In accordance with another aspect of the present invention, there
is provided an improved apparatus for carrying out the aforesaid
method, this apparatus comprising a domestic automatic clothes
dryer of the type arranged for drying clothes by tumbling them in
an enclosure rotatable about a non-vertical axis. By my invention
the clothes dryer includes selectively energizable means adapted to
heat and circulate a stream of moving air through the enclosure to
carry moisture away from the fabrics. In carrying out the cleaning
method in this apparatus, the fabrics to be cleaned are placed into
the rotatable enclosure along with a quantity of water, detergent
and transfer agent. The transfer agent preferably comprises a
material having a large surface area per unit mass, and the water
comprises a quantity sufficient only to dampen the fabrics. The
enclosure is then rotated with the air heating and circulating
means substantially deactivated, whereby the fabrics, water,
detergent and transfer agent are tumbled together with no
substantial drying of the fabrics. The tumbling causes soil from
the fabrics to be distributed over the combined surface areas of
the fabrics and transfer agent. Subsequently, the soiled transfer
agent is separated from the fabrics, whereby the fabrics are
cleaned of the soil distributed onto the transfer agent.
BRIEF DESCRIPTION OF THE DRAWINGS
While the specification concludes with claims particularly pointing
out and distinctly claiming the subject matter which is regarded as
the invention, it is believed the invention will be better
understood from the following description of the preferred
embodiments taken in conjunction with the accompanying drawings, in
which:
FIG. 1 is a side elevational view of the clothes dryer adapted to
clean fabrics according to the method of my invention;
FIG. 2 is a schematic electric circuit diagram illustrating a
control circuit for the dryer of FIG. 1; and
FIG. 3 is a sequence control chart illustrating the positions of
the switches in the circuit of FIG. 2 during the sequence of
operation of the machine of FIG. 1.
DESCRIPTION OF THE PREFERRED EMBODIMENTS
In accordance with one primary aspect of my invention, a new and
improved method is provided for cleaning soil from fabrics. By the
term "soil" I refer both to oleophobic oil-like materials such as
body oils, cooking oils, and greases as well as particulate
substances such as clay, sand, dust, grit, pumices, and the like
which are substantially non-organic in nature.
The cleaning of fabrics in accordance with my new and improved
method, hereinafter called the "dry wash" method, employs only a
limited quantity of water sufficient to dampen the fabrics.
Although heated water may be employed, the process may be performed
with unheated water. By the term "dampen" I mean wetting the
fabrics to a condition where there is some free water present on
their surfaces during the cleaning process. The free water should
be present in an amount sufficient to give mobility to the
detergent employed in the cleaning process so that it is
distributed across all of the fabric and transfer agent surfaces.

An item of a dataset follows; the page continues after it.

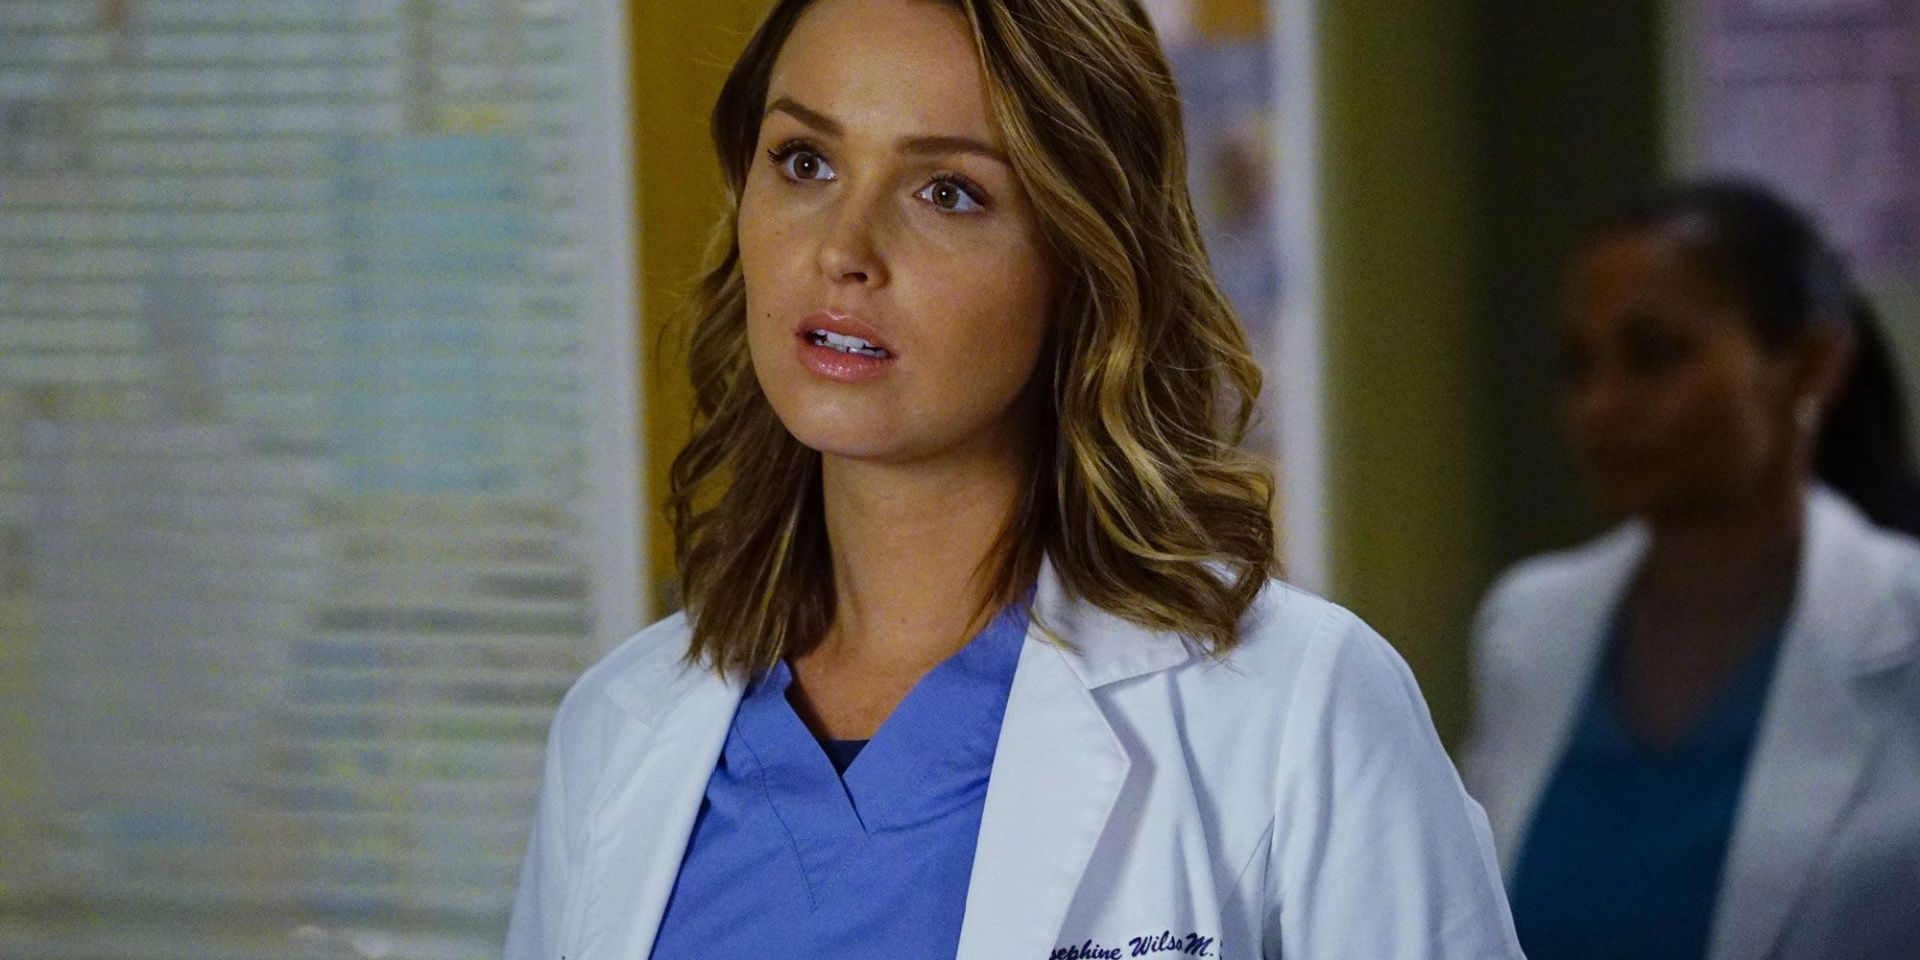 Greys Anatomy 5 Actors Who Nailed Their Roles (& 5 Who Fell Short)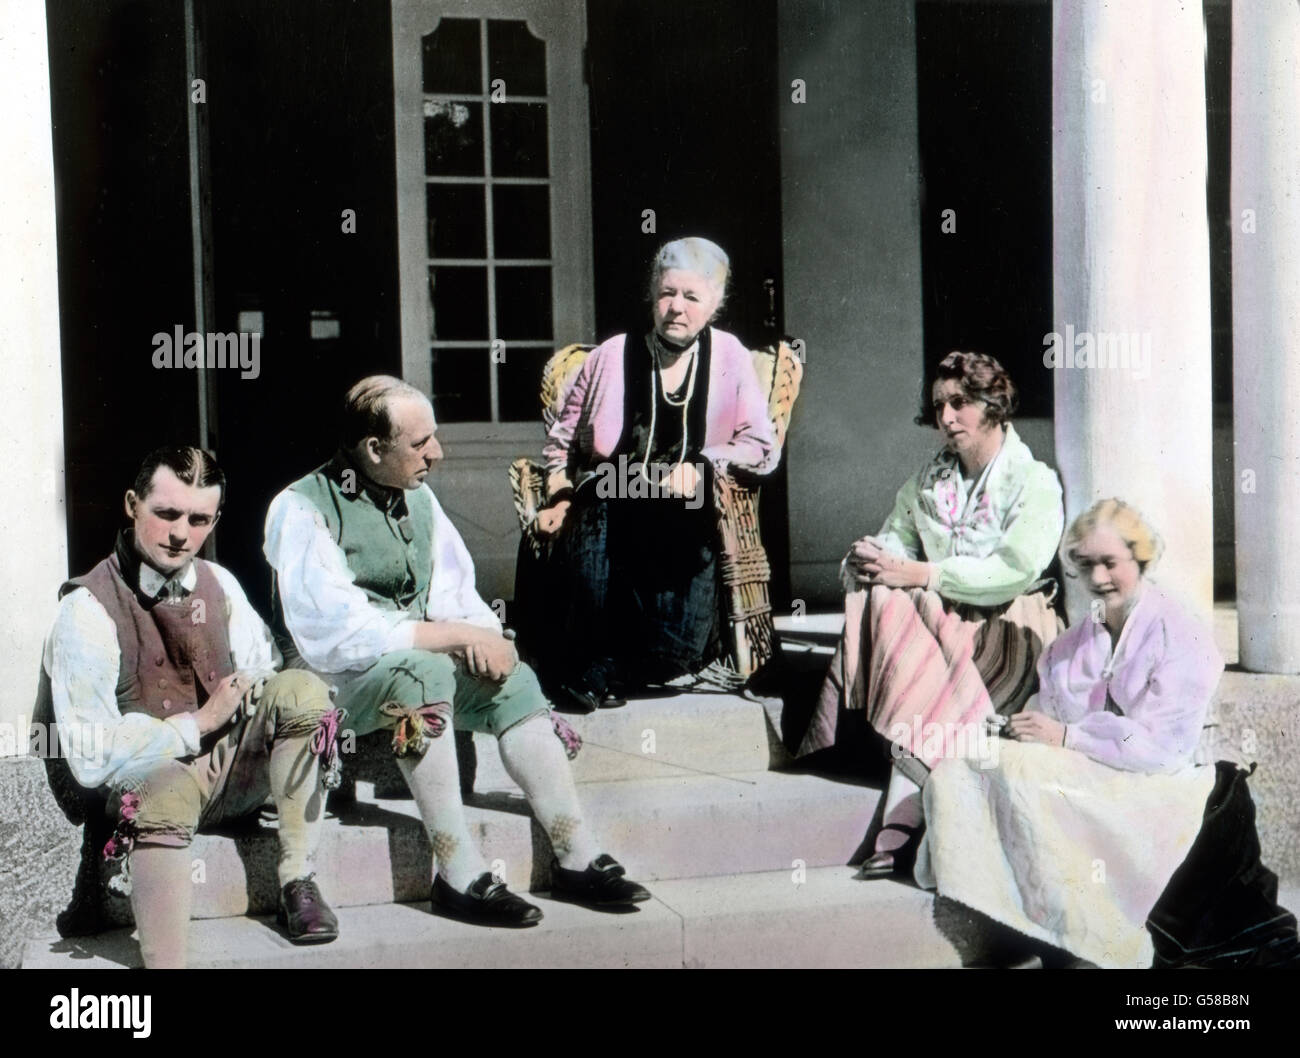 Die schwedische Schrifstellerin Selma Lagerlöf vor ihrem Haus. Europe, Sweden, Sverige, Scandinavia, travel, Selma Lagerlöf (center), famous Swedish writer with family  in front of her house, 1910s, 1920s, 20th century, archive, Carl Simon, history, historical, hand coloured glass slide, woman, family, author, writer, klady, sitting, house, entrance Stock Photo

In this regard, a quantity of water equal to 50 to 150 percent of
the dry weight of the fabrics has been found to be sufficient,
depending upon the type of fabric being cleaned. In terms of more
visual quantities, approximately three pints of water may be used
per 3 pound load of cotton fabrics to be cleaned.
To augment the wetting action of the water and to assist in
loosening and lifting soil from the fabrics, a quantity of
detergent is employed in the dry wash process. The detergent used
may comprise a commercially available or a specially formulated
liquid or powdered detergent which may have additives such as, for
example, germicides, optical brighteners, deodorants, etc. One such
commercially available liquid detergent which has performed
successfully in the dry wash process is Cinch, manufactured by
Proctor & Gamble. In quantity 75 grams of Cinch used with three
pints of water per three pound fabric load has been found to
perform adequately.
It will be noted that 75 grams of detergent such as Cinch used with
3 pints of water provides a substantially higher detergent
concentration than is used in conventional submergence washing
operations. In other words, an important aspect of my invention is
that the fabrics are subjected to a detergent concentration which
is many times that of the normal submergence washing operation
wherein, in one typical example, approximately the same amount of
detergent, i.e., 75 grams, will be used with 15 gallons of water.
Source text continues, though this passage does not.